As discussed in a recent InfoQ post, the new Hortonwork Stinger Initiative heavily relies on Tez, a new Hadoop data processing framework.
The Apache Tez: A New Chapter in Hadoop Data Processing blog post explains:
“Higher-level data processing applications like Hive and Pig need an execution framework that can express their complex query logic in an efficient manner and then execute it with high performance. Apache Tez … represents an alternative to the traditional MapReduce that allows for jobs to meet demands for fast response times and extreme throughput at petabyte scale.”
Tez achieves this goal by modeling data processing not as a single job, but rather as a data flow graph:
… with vertices in the graph representing application logic and edges representing movement of data. A rich dataflow definition API allows users to express complex query logic in an intuitive manner and it is a natural fit for query plans produced by higher-level declarative applications like Hive and Pig... [The] dataflow pipeline can be expressed as a single Tez job that will run the entire computation. Expanding this logical graph into a physical graph of tasks and executing it is taken care of by Tez.
Specific user logic is modeled in Tez vertices in the form of input, processor and output modules, where input and output modules define an input and output data (including its format, access method and location), while processor modules define data transformation logic. Data transformation logic can be expressed in a form of a MapReduce job or a reducer. Although Tez does not explicitly impose any data format restriction it requires that input, processor and output are compatible with each other. Similarly, an input/output pair connected by an edge has to be format/location compatible.
Data Processing API in Apache Tez blog post describes a simple Java API used to express a DAG of data processing. The API has three components
- DAG. this defines the overall job. The user creates a DAG object for each data processing job.
- Vertex. this defines the user logic and the resources & environment needed to execute the user logic. The user creates a Vertex object for each step in the job and adds it to the DAG.
- Edge. this defines the connection between producer and consumer vertices. The user creates an Edge object and connects the producer and consumer vertices using it.
Edge properties defined by Tez enable it to instantiate user tasks, configure their inputs and outputs, schedule them appropriately and define how to route data between the tasks.
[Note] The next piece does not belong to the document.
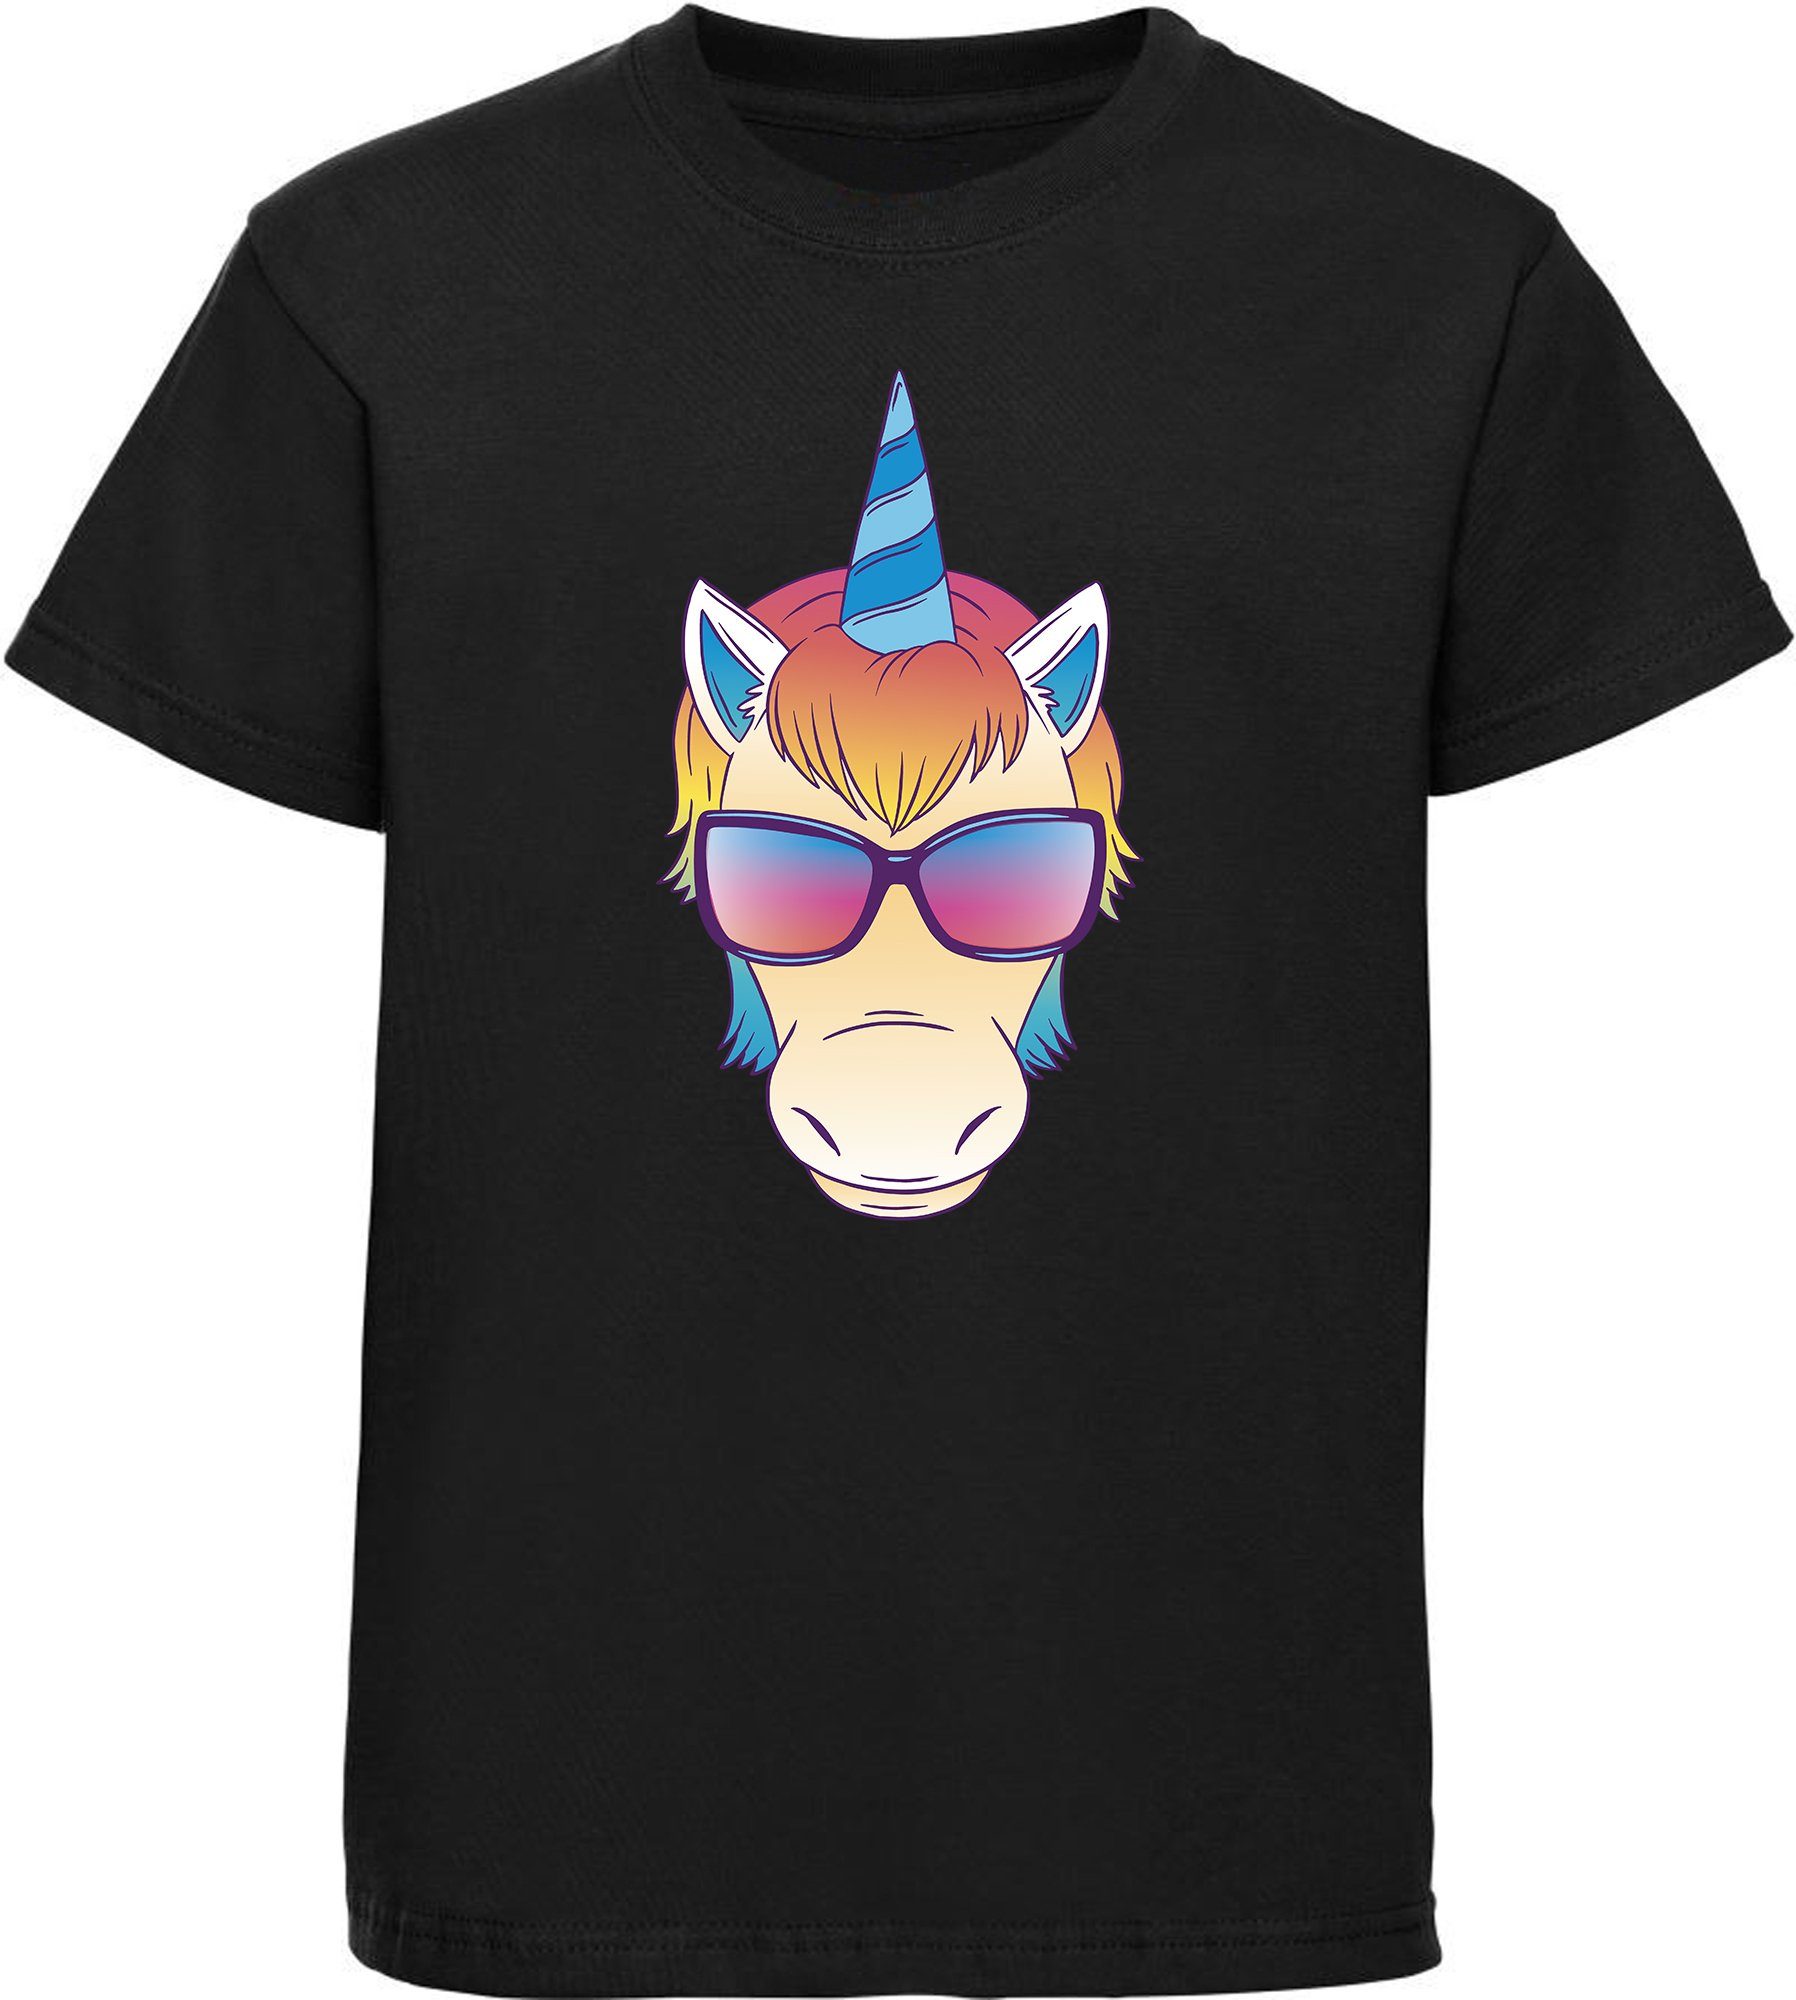 MyDesign24 T-Shirt Kinder Print Shirt bedruckt - Einhorn Kopf mit Sonnenbrille Baumwollshirt mit Aufdruck, i255 schwarz

Tez also allows to define parallelism for each vertex execution by specifying user guidance, data size and resources.
- Data movement. Defines routing of data between tasks
- One-To-One: Data from the ith producer task routes to the ith consumer task.
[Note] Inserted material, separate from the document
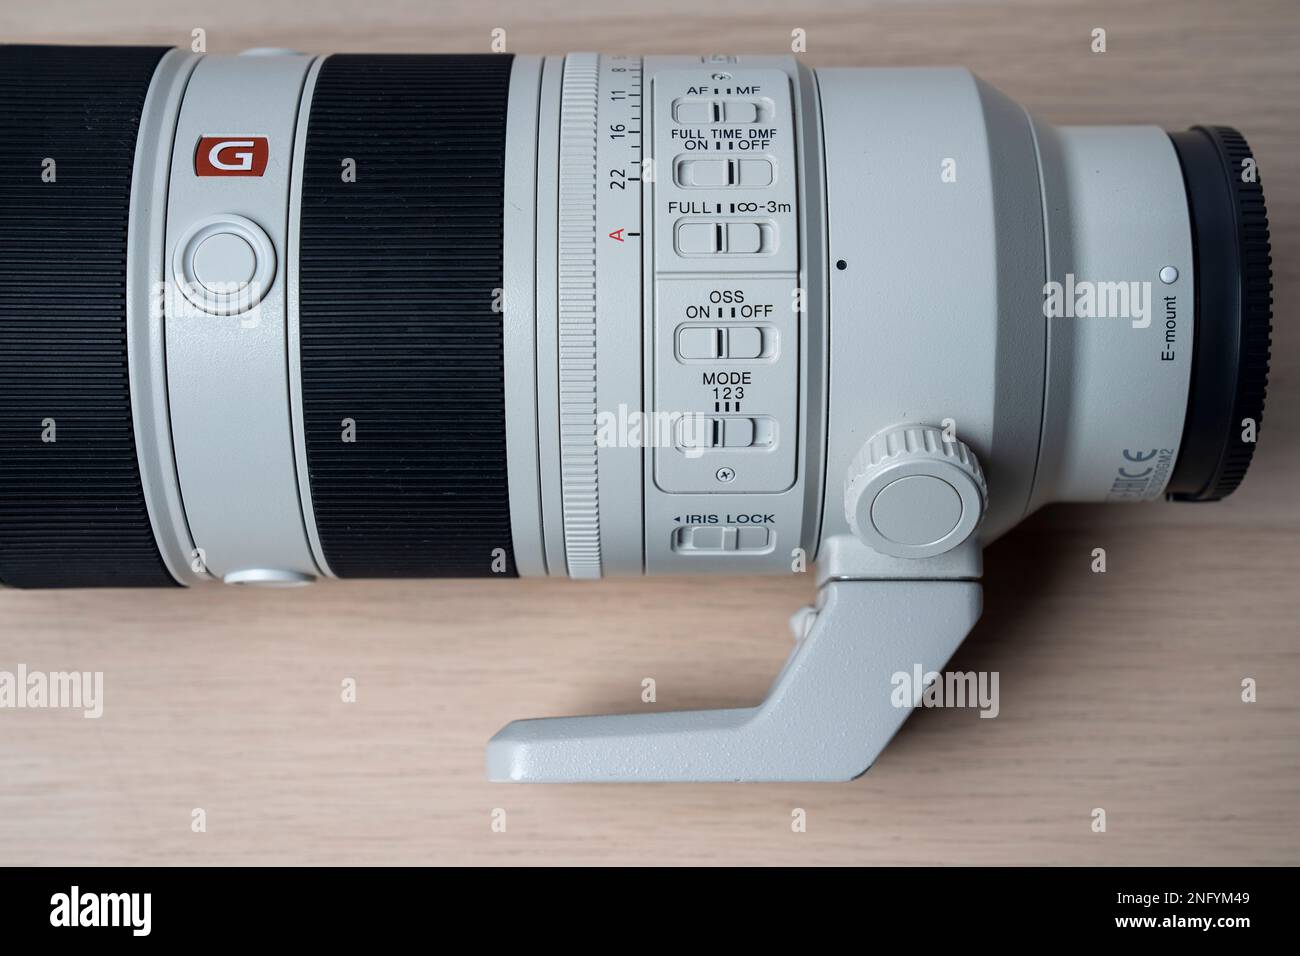 G-Master Sony FE 70-200mm f2,8 GM OSS II nouvel objectif pour appareil photo sans miroir. Mise au point sélective, isolée sur fond blanc Banque D'Images

- Broadcast: Data from a producer task routes to all consumer tasks.
- Scatter-Gather: Producer tasks scatter data into shards and consumer tasks gather the shards. The ith shard from all producer tasks routes to the ith consumer task.
- Scheduling. Defines when a consumer task is scheduled
- Sequential: Consumer task may be scheduled after a producer task completes.
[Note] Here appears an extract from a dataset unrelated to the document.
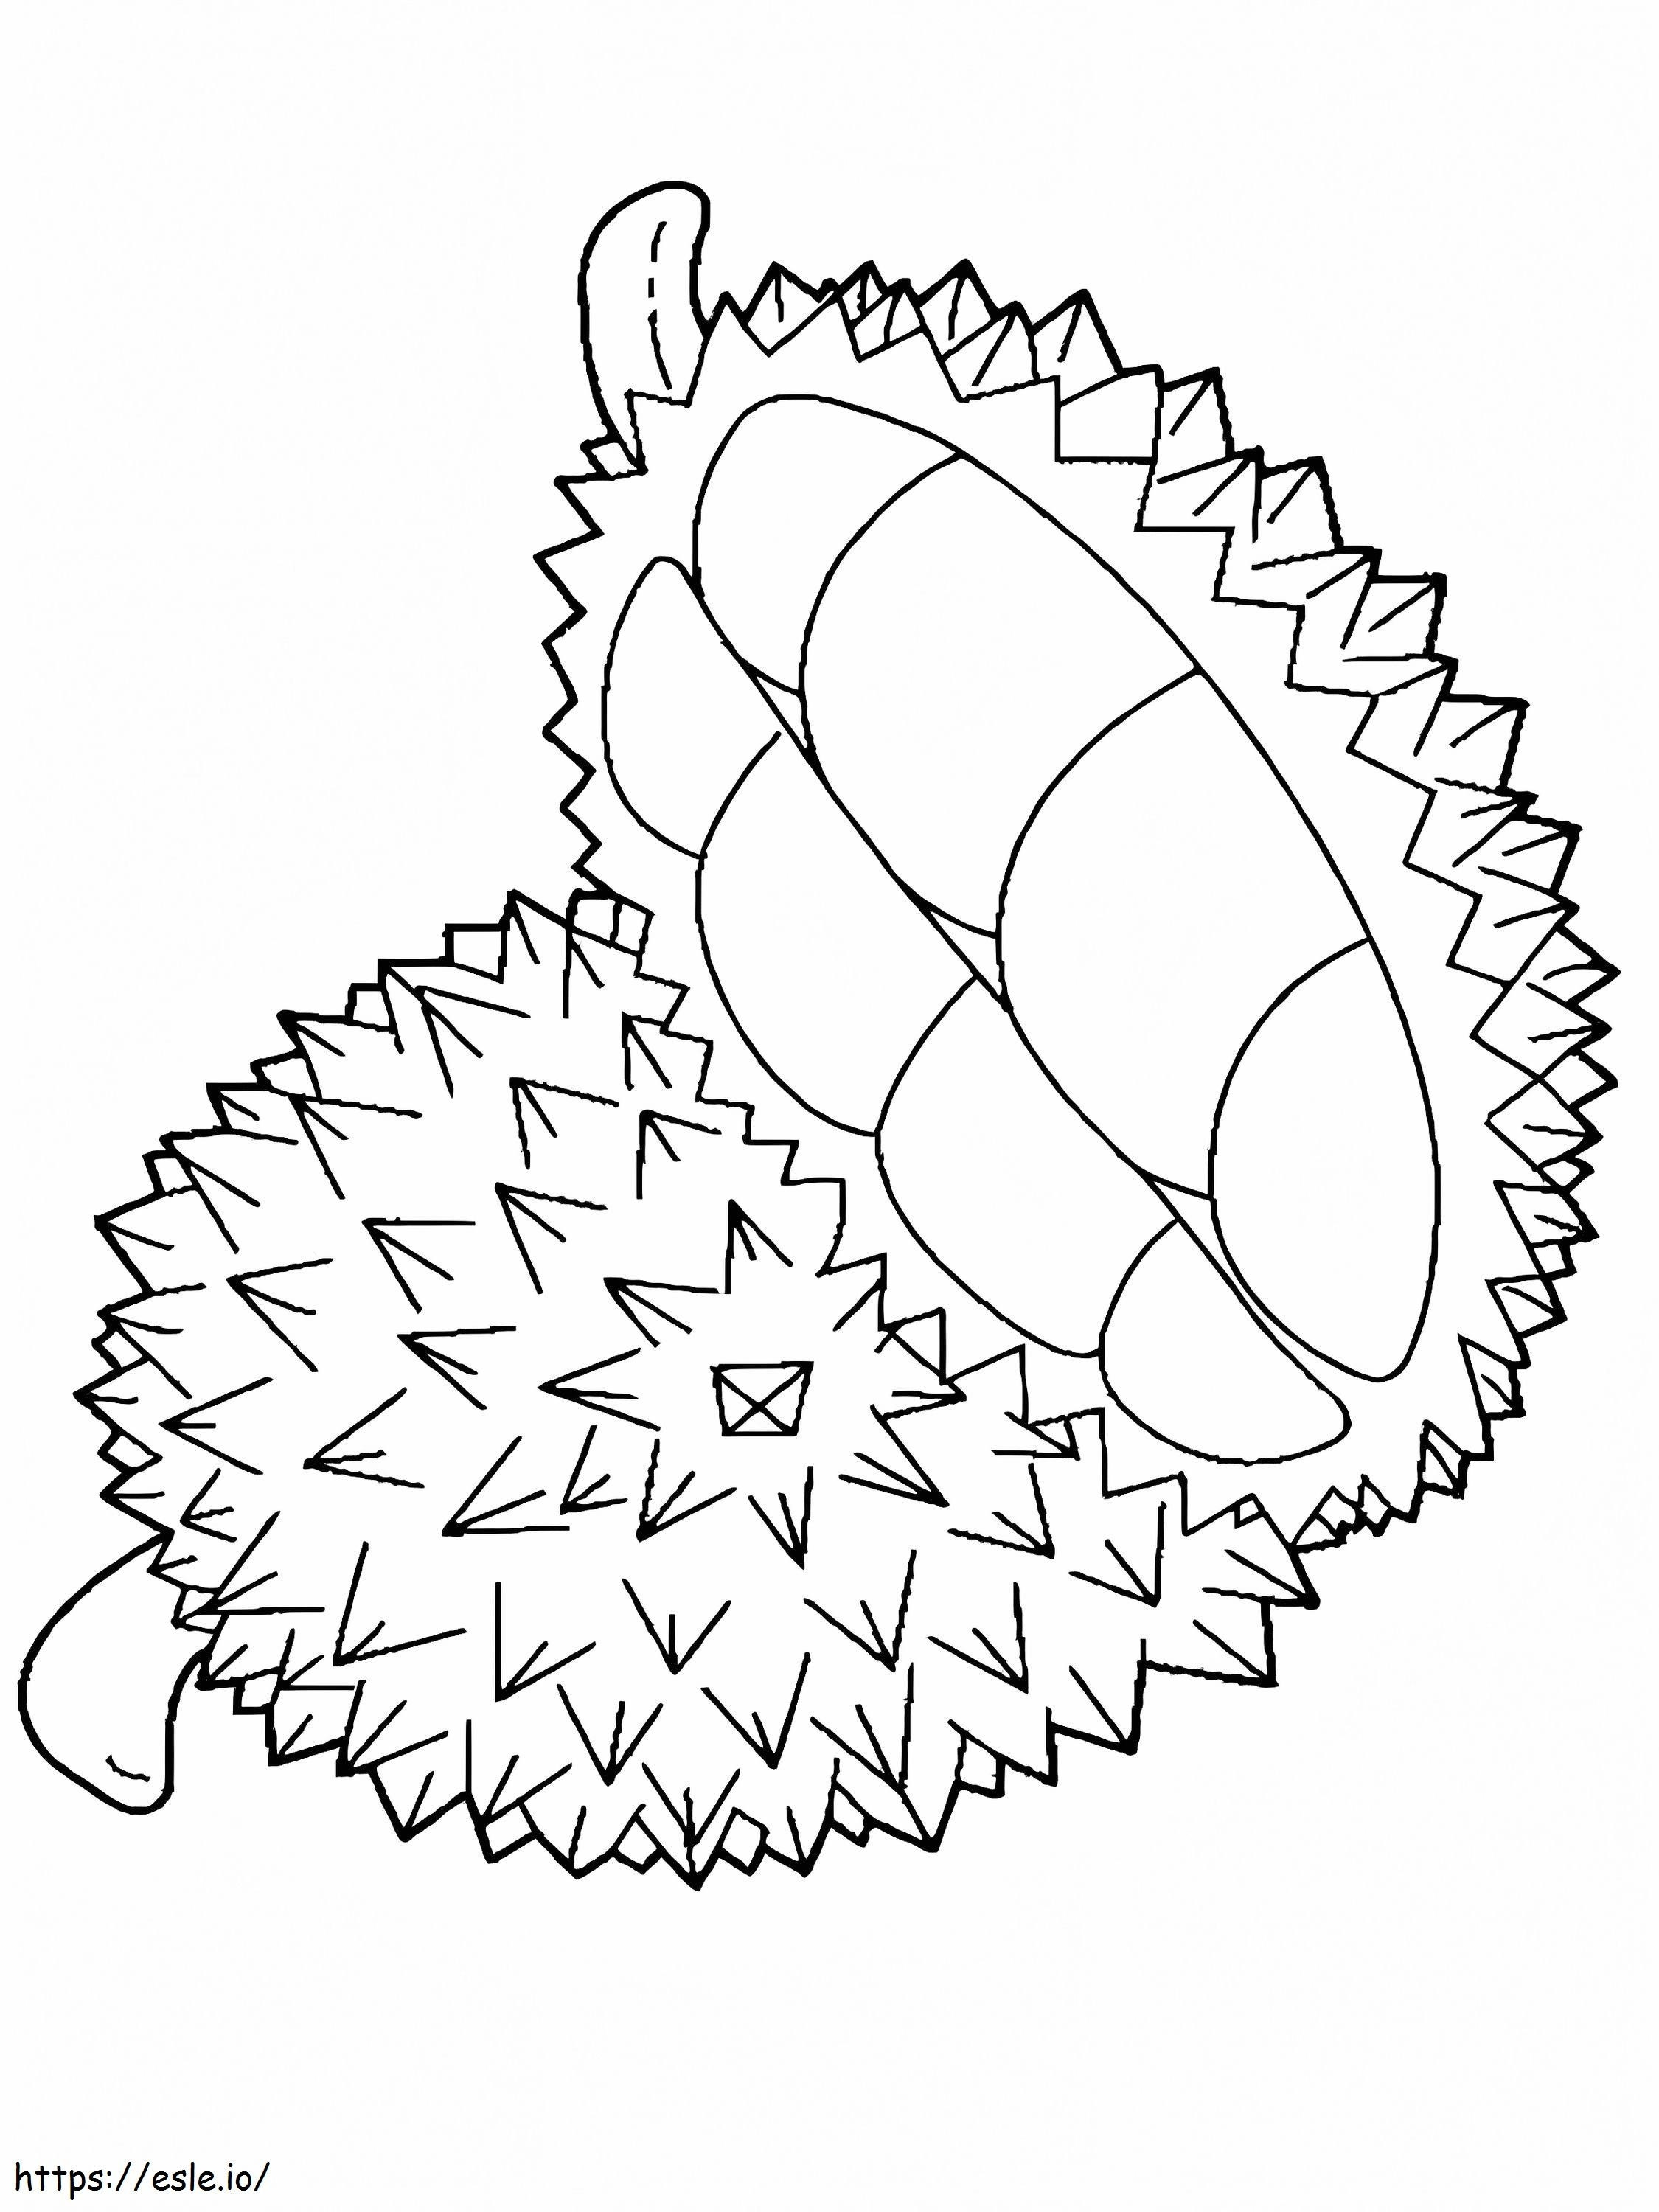 Podstawowy Durian i pół Durian kolorowanka

- Concurrent: Consumer task must be co-scheduled with a producer task.
- Data source. Defines the lifetime/reliability of a task output
- Persisted: Output will be available after the task exits. Output may be lost later on.
- Persisted-Reliable: Output is reliably stored and will always be available
- Ephemeral: Output is available only while the producer task is running.
Additional details on Tez architecture are presented in this Tez Design document.
The idea to represent data processing as a dataflow is not new. It is the foundation of cascading. It is also achieved in many applications using Oozie. The advantage of Tez is bringing it all together in a single framework optimized for resource management (based on Apache Hadoop YARN), data transfer and execution. Additionally the design of Tez includes support for pluggable vertex management modules to collect relevant information from tasks and change the dataflow graph at runtime to optimize for performance and resource usage.